▸ **Exercise goal**:
I need the lines below from the one with "24mm Panerai Tan/Beige" down to the one with "PUMP PERFORMANCE TESTING" reproduced exactly, both ends included, and nothing else.

▸ **Excerpted records**:

▼

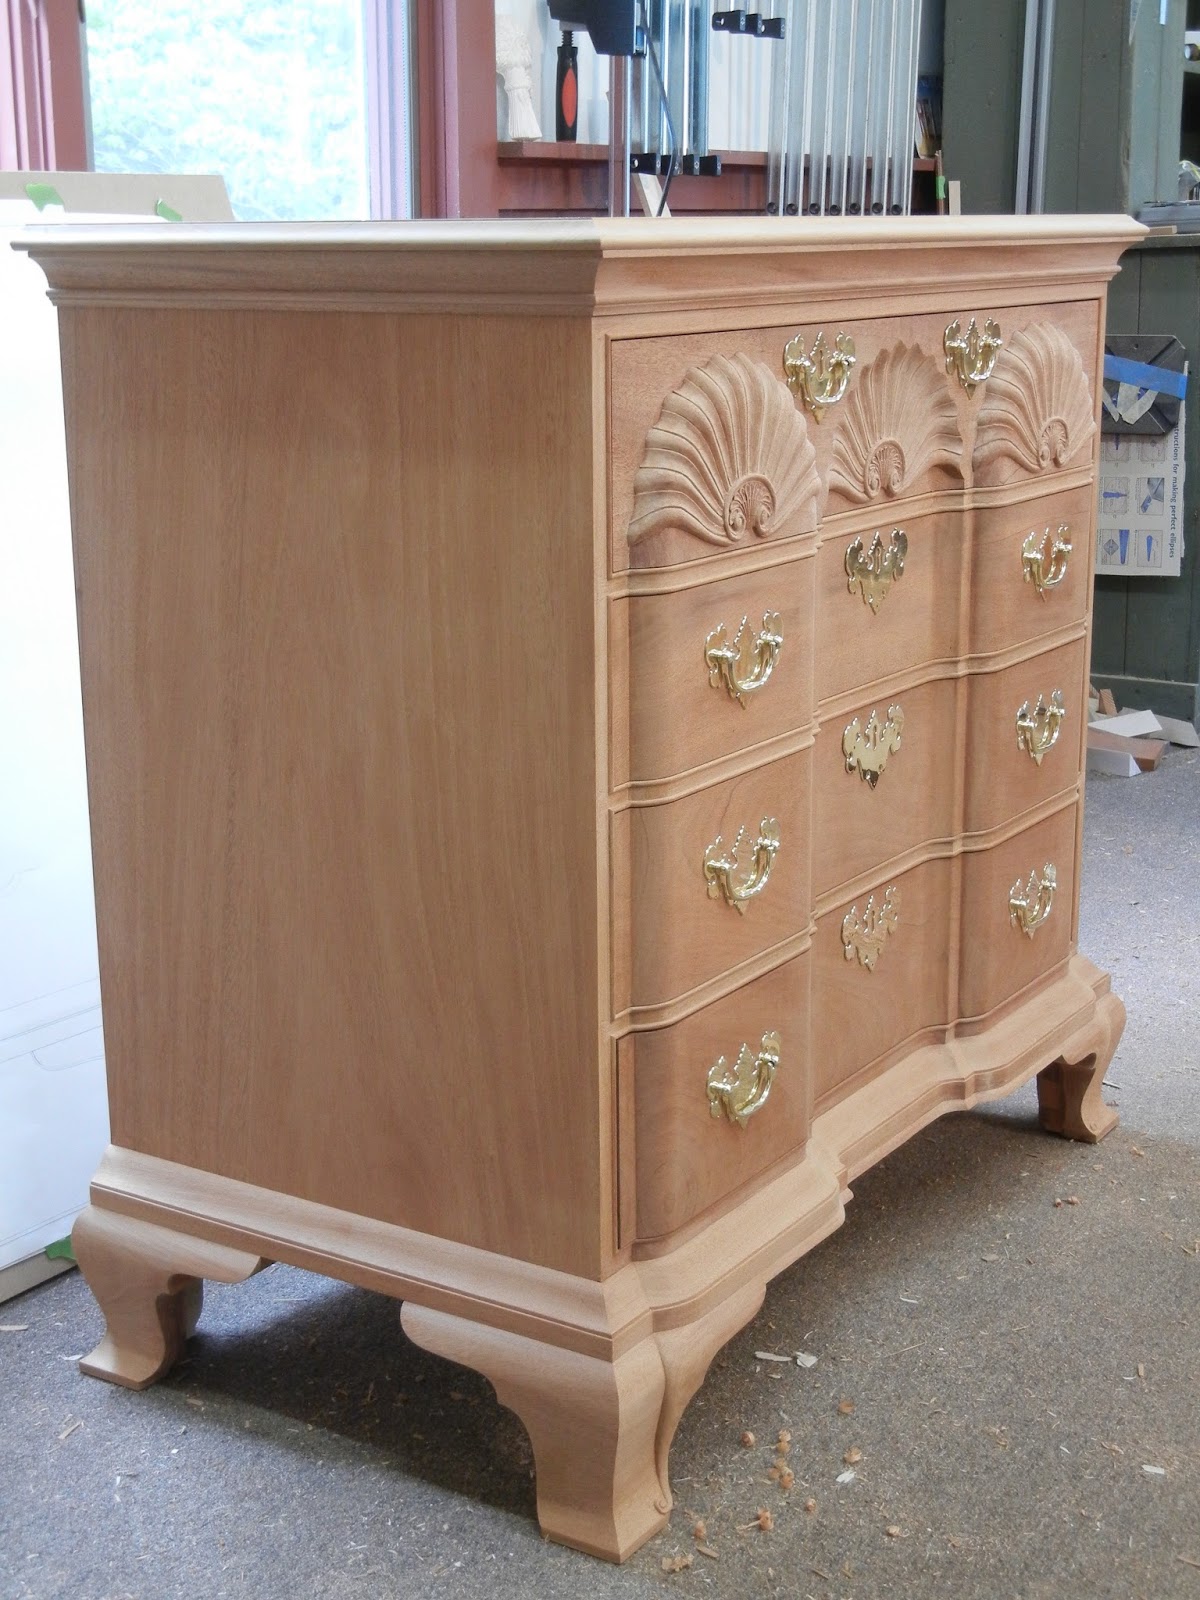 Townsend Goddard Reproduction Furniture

▲
▼

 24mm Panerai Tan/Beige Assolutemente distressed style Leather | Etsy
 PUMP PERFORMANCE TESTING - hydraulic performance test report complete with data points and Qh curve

▲

▸ **Response area**:
 24mm Panerai Tan/Beige Assolutemente distressed style Leather | Etsy
 PUMP PERFORMANCE TESTING - hydraulic performance test report complete with data points and Qh curve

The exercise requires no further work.